#### GIVEN DATA

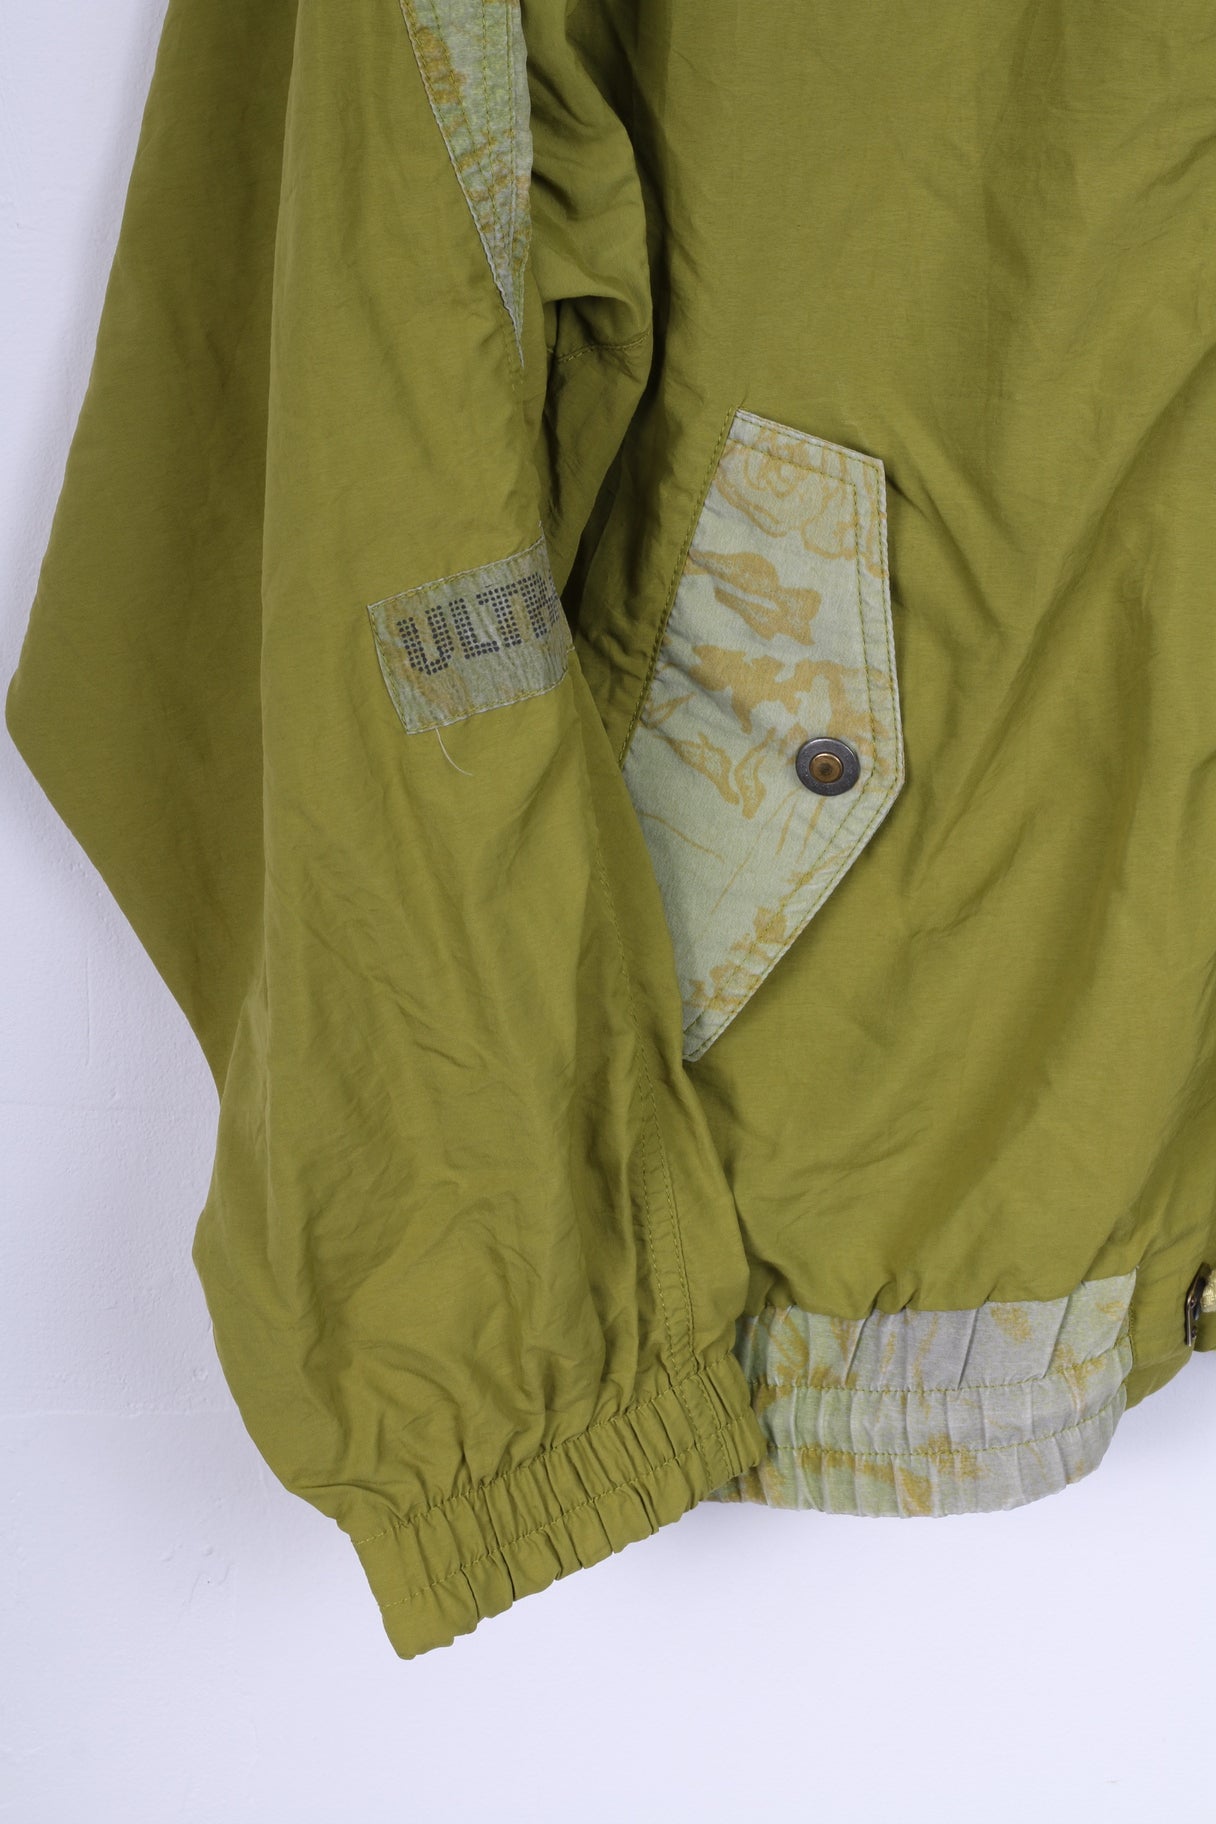 Etirel Mens XL Track Top Jacket Green Zippered Vintage Livestyle Lightweight Top
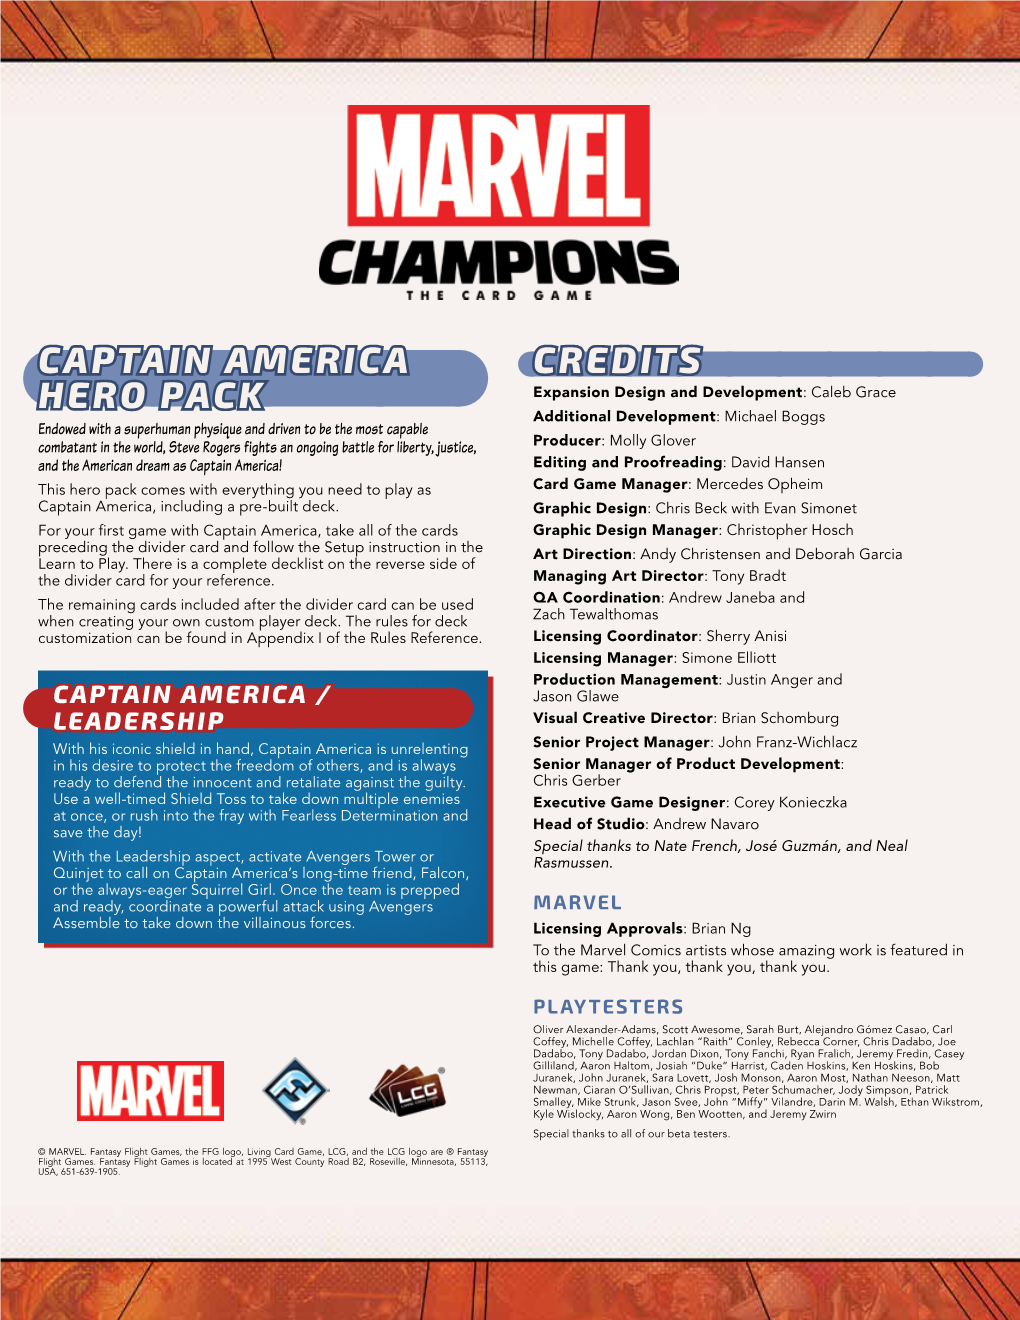 Captain America Hero Pack Credits
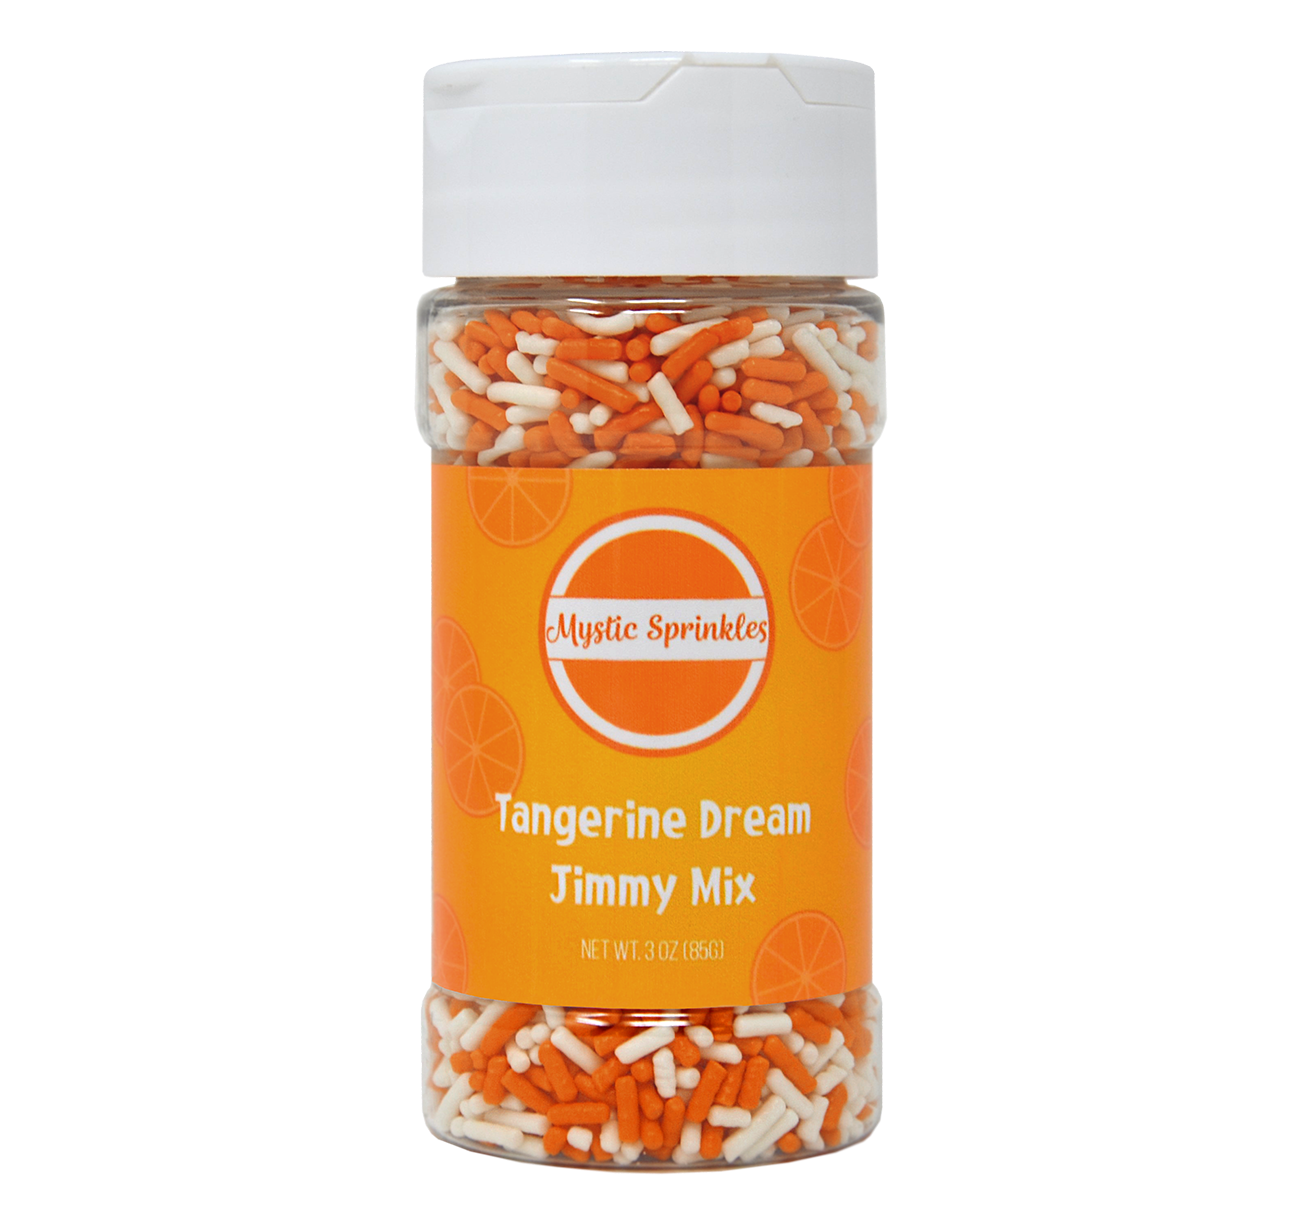 Tangerine Dream Jimmy Mix 3oz Bottle

########

TASK GOAL >>
Take the line containing "Captain America Hero Pack Credits" and every line after it through the end of the data, and write them out exactly, with no pictures.

WRITTEN SOLUTION >>
 Captain America Hero Pack Credits
 Tangerine Dream Jimmy Mix 3oz Bottle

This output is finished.